I love that the Telly Awards sits at the intersection of storytelling and craft, where strong ideas still need excellent execution to land. I’m excited to help recognize work that respects the audience’s time, makes smart creative choices, and delivers a polished experience across platforms.
What was your first job in the industry? What did it teach you?
My first job in the industry was designing a mobile app for a prominent Chief Minister in India. The goal was to help constituents stay updated on what was happening in the constituency and submit grievances directly. That experience taught me that good UX in public-facing products is about dignity and reliability as much as it is about visuals. When people are looking for help, the interface has to be calm, clear, and frictionless
What project are you most proud to have worked on?
I’m most proud of the work I did on responsible gambling experiences at scale. Designing for that space meant balancing business goals with real user safety, using clear language, friction in the right places, and thoughtful guardrails that help people make better decisions in the moment. Knowing the work supported responsible play for millions of bettors across the U.S. is the kind of real-world impact I care about most.
What’s the most challenging part about your job and/or the industry?
The hardest part is balancing speed with quality in an environment where platforms, expectations, and content formats keep shifting. Great work requires craft, but it also requires strong judgment about what matters most – so you don’t over-design the wrong thing while the real problem remains unsolved.
What do you look for to determine excellence in video?
I look for clarity of intent first: what is this trying to make me feel, do, or understand, and does every choice support that? Then I look at pacing, structure, and detail in execution like editing, sound, performance, and visual consistency – because those are usually what separate “good” from “great.” I also pay attention to accessibility and audience context, especially for content designed for different screens and environments.
What are your current roles and responsibilities and what do you love most about your job?
I lead product design for consumer digital experiences, partnering with product, engineering, research, and content teams to ship end-to-end features across TV, mobile, and web. What I enjoy most is turning messy, ambiguous problems into something simple and confident, where the experience feels obvious in hindsight, even if it wasn’t obvious to build.
Do you have any specific practices you lean on to spark creativity?
I start with constraints on purpose: a tight problem statement, a clear success metric, and a few “must nots” that keep the work honest. Then I explore widely and come back to a small set of options, pressure-testing each one with “What’s the simplest version that still feels premium?” That rhythm keeps me creative without drifting.
What inspired you to pursue your career path?

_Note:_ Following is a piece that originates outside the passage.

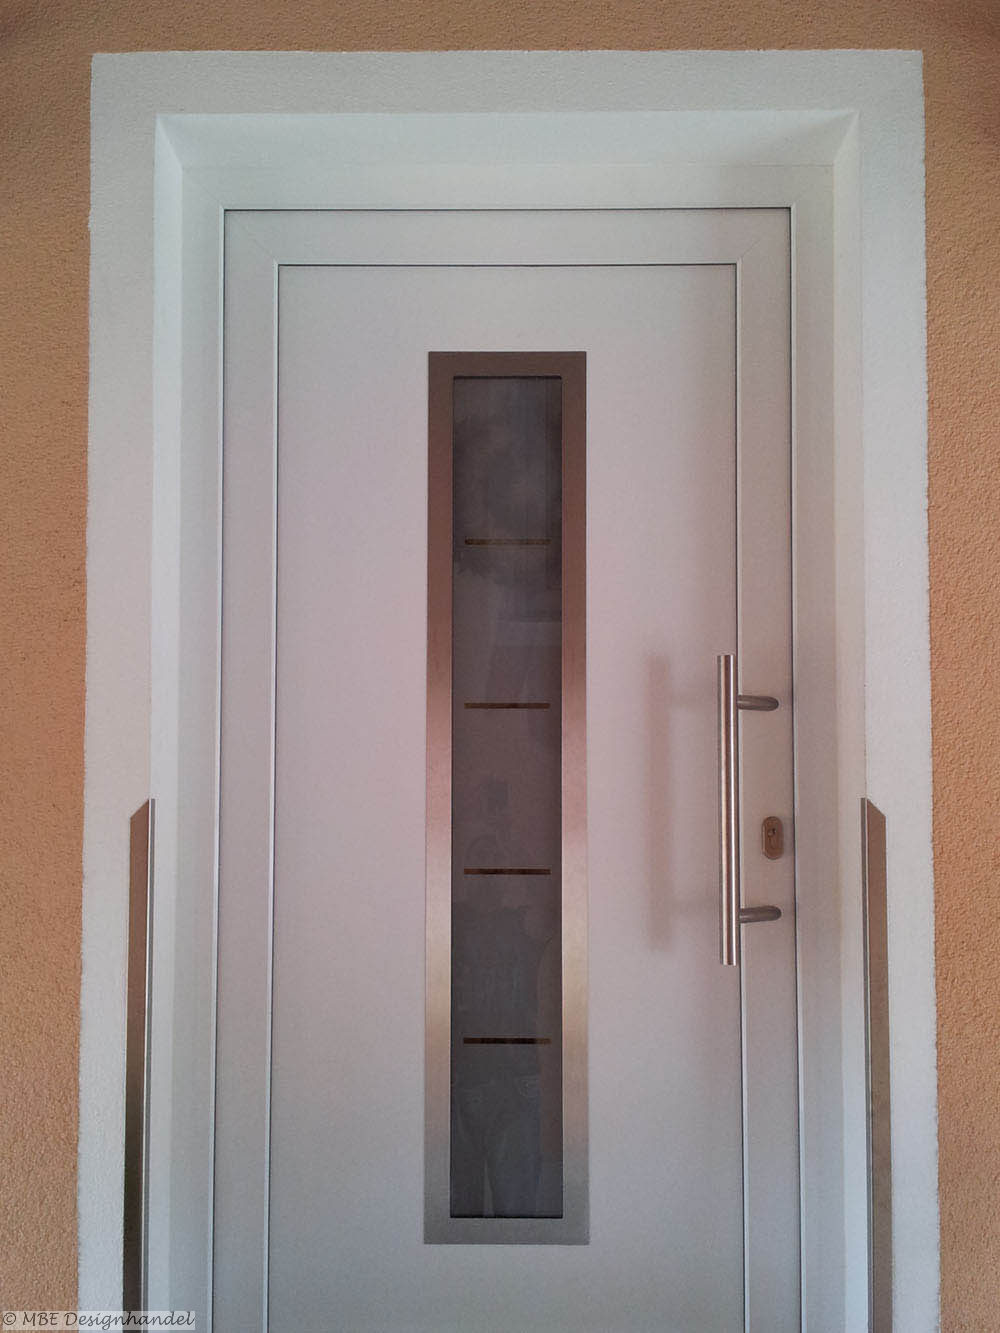 edelstahl kantenschutz mit halbspitze rechts 30 x 30 x 1000 mm. Black Bedroom Furniture Sets. Home Design Ideas

I’ve always been drawn to the combination of craft and systems – where design is both a creative discipline and a way to solve complex problems for real people. Product design let me work at that intersection: storytelling, usability, technology, and impact, all in one place.
In your experience, what is a significant change you are seeing happen in the video, television, and/or film industry, and what insight can you share about how to navigate it?
Distribution has fragmented and attention has tightened, which means the “first 10 seconds” matter more than ever, but so does long-term trust. The best way to navigate it is to be intentional: earn attention with clarity and authenticity, design for the platform context, and maintain a consistent creative point of view instead of chasing every trend.